Under the Amorino Guaranty, is the guarantor's liability joint and several with the franchisee?
Amorino Franchise · 2025 FDDAnswer from 2025 FDD Document
Each Guarantor hereby consents and agrees that:
- (a)Guarantor's liability under this undertaking shall be direct, immediate, and independent of the liability of, and shall be joint and several with, Franchisee and the other owners of Franchisee;
- (b)Guarantor shall render any payment or performance required under the Agreement upon demand if Franchisee fails or refuses punctually to do so;
- (c)this liability will not be contingent or conditioned upon our pursuit of any remedies against Franchisee or any other person;
- (d)this liability shall not be diminished, relieved or otherwise affected by any extension of time, credit, or other indulgence which Franchisor may grant to Franchisee or to any other person, including the acceptance of any partial payment or performance, or the compromise or release of any claims (including the release of other Guarantors), none of which shall in any way modify or amend this Guaranty, which shall be continuing and irrevocable during the term of the Agreement, for so long as any performance is or might be owed under the Agreement by Franchisee or its owners, and for so long as Franchisor has any cause of action against Franchisee or its owners;
- (e)this Guaranty will continue in full force and effect for (and as to) any extension or modification of the Agreement and despite the transfer of any interest in the Agreement or Franchisee, and
- (f) each Guarantor waives notice of any and all renewals, extensions, modifications, amendments, or transfers;
Source: Item 22 — CONTRACTS (FDD pages 80–81)

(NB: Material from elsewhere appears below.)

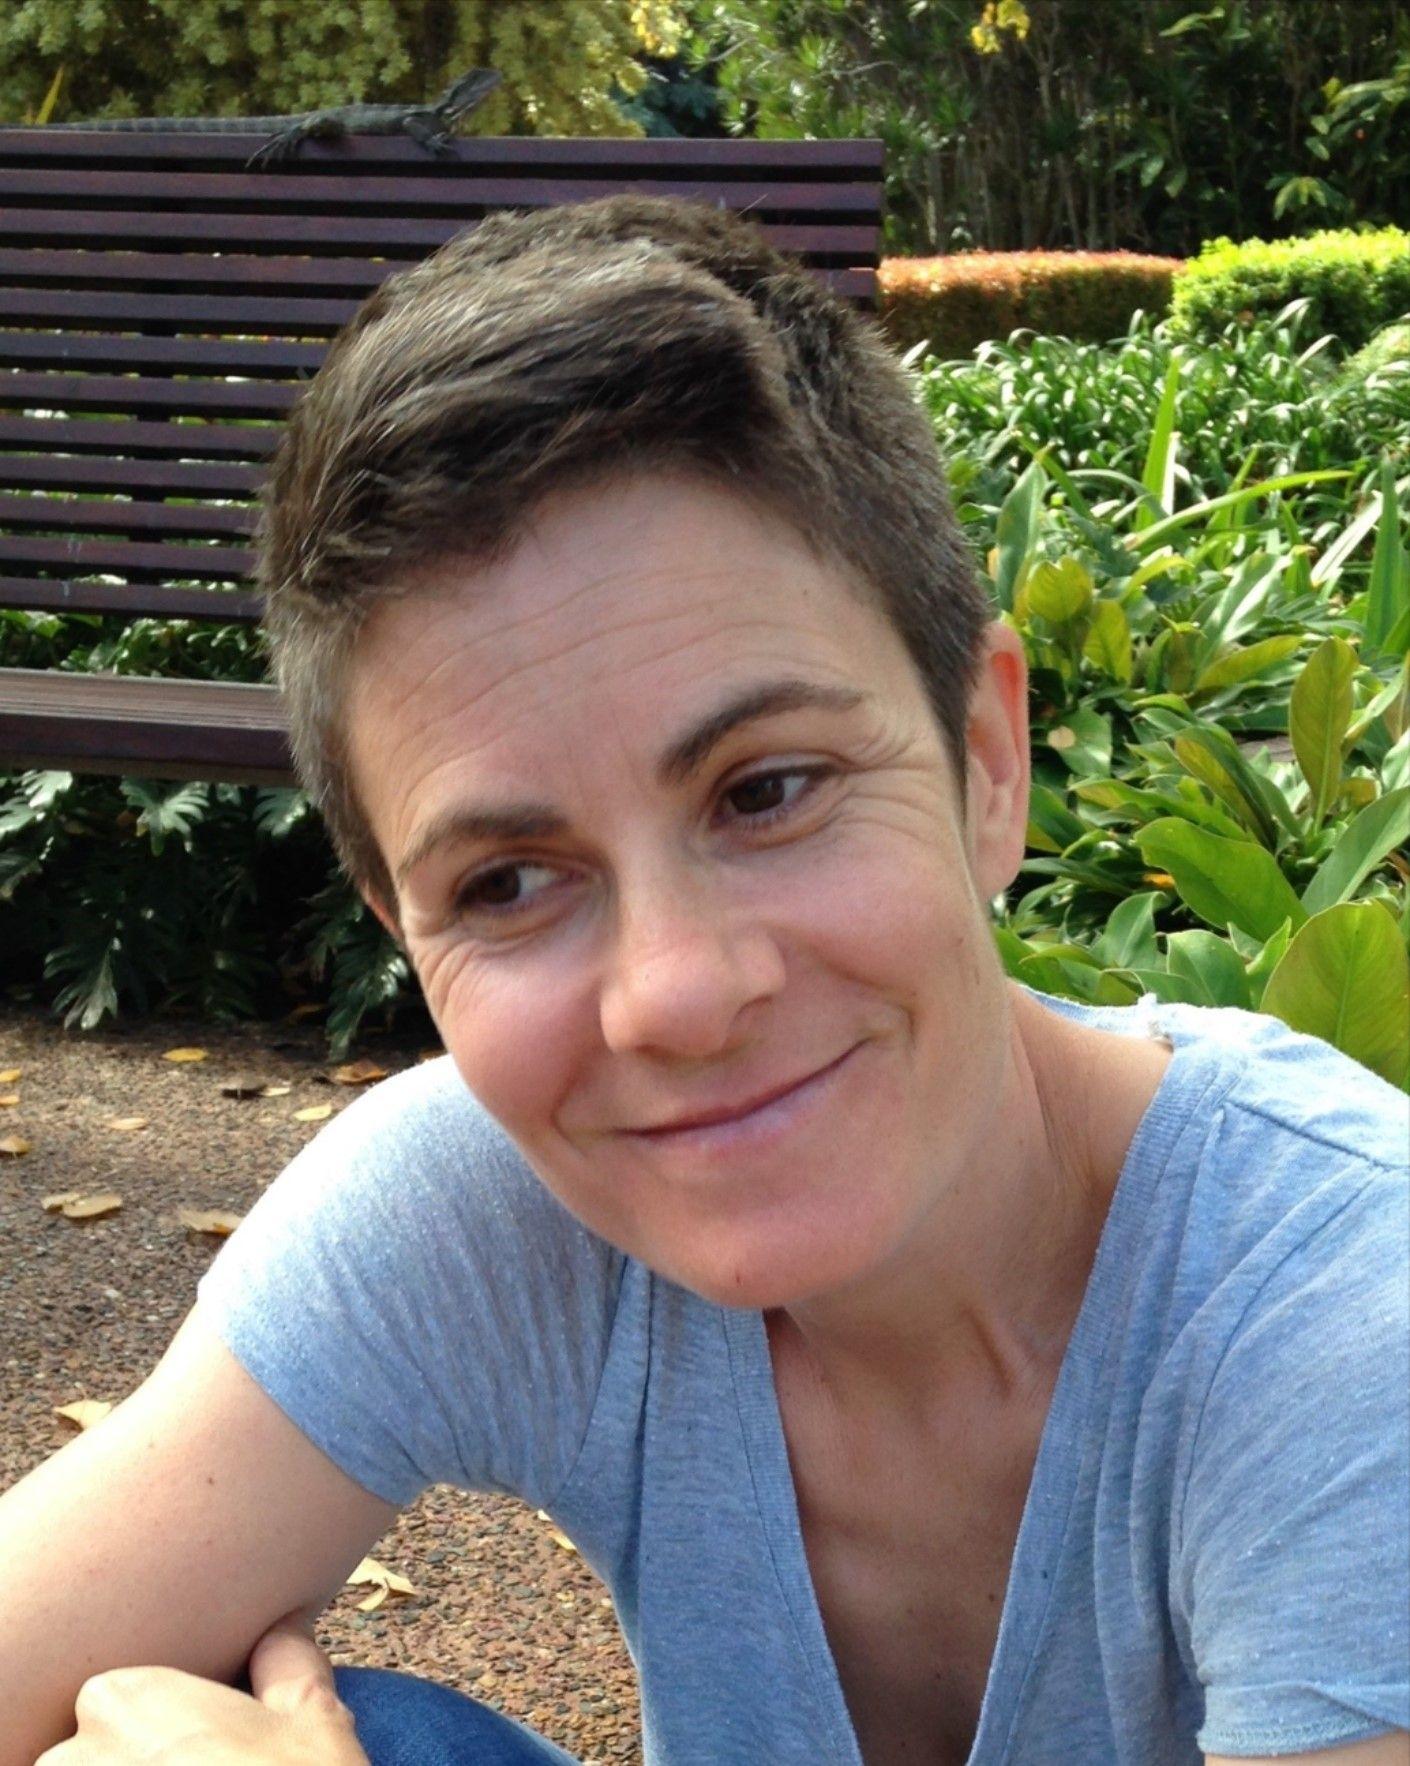 Dr Celine Frere - RESEARCH GROUP LEADERPhD (Evolutionary Biology), University of New South WalesBSc. Hons I, University of QueenslandEXPERTISE: GENETICS, GENOMICS, ANIMAL BEHAVIOURGoogle Scholar profile

What This Means (2025 FDD)
According to Amorino's 2025 Franchise Disclosure Document, the guarantor's liability is direct, immediate, and independent of the franchisee's liability, and is joint and several with the franchisee and other owners of the franchisee. This means that Amorino can pursue the guarantor directly for any obligations the franchisee fails to meet, without first having to pursue the franchisee.
This arrangement provides Amorino with a stronger assurance that all financial and contractual obligations will be fulfilled. The guarantor cannot claim that Amorino should have pursued the franchisee first or that the guarantor's liability is dependent on the franchisee's ability to pay. The guarantor is equally responsible.
Furthermore, the guaranty remains in effect even if the franchise agreement is extended or modified, or if there is a transfer of interest in the agreement or the franchisee. The guarantor also waives any notice of renewals, extensions, modifications, amendments, or transfers. This ensures that the guaranty remains robust and enforceable throughout the term of the agreement, regardless of changes to the franchise or its ownership.
This type of guaranty is common in franchising to protect the franchisor's interests. Prospective Amorino franchisees should carefully review the guaranty and understand the full extent of their obligations and potential liabilities before signing the franchise agreement. It is advisable for guarantors to seek independent legal counsel to fully understand the implications of providing such a guaranty.